Defer distributed tracing and APM to M2/M3 — Cloudflare Workers performance.now() zeroes for CPU-bound spans, making server-side traces low-signal until the platform fixes it. Defer the Telegram-notify bridge as opt-in (MASTER-decision); default alert path is Cloudflare email.
Motivation¶
Three concrete, immediate costs of not deciding:
- No way to validate the north-star KPI.
kpis.mddefines Weekly Qualified Outbound Clicks. Without an event sink for the existing/api/go/r/[retailerId]/p/[listingId]route, that number cannot be computed at all. - No drift detection on scrapers.
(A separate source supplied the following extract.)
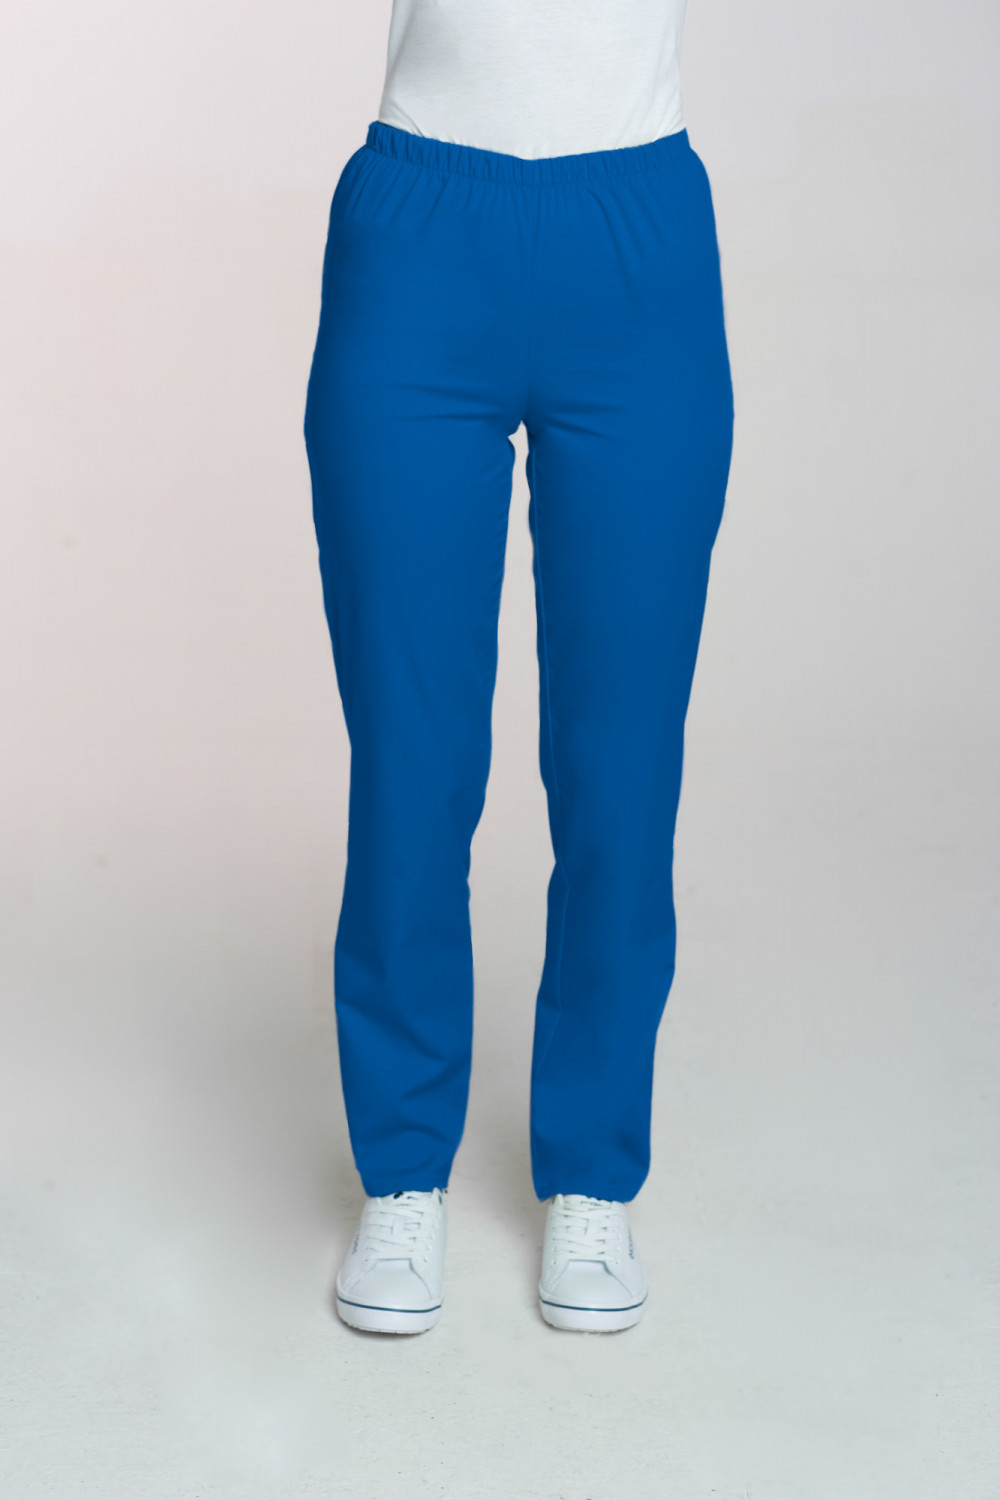 M-086 Spodnie damskie medyczne spodnie do pracy kolor indygo

personas.md§5.6 makes "no real-time stock signal" a severity-3 pain across four personas. The product's whole-trust play depends on freshness; without scraper-success-rate alerting, a parser break that returns 0 listings for PCAndParts goes silently to production until a user complains.architecture/deployment.md§ Observability names this as a planned signal but no infra exists. - No way to police the performance budget.
performance-budget.mdsets P75 LCP ≤ 2.5s on Lebanese mobile. Without a RUM beacon, that's a wish, not a measurement.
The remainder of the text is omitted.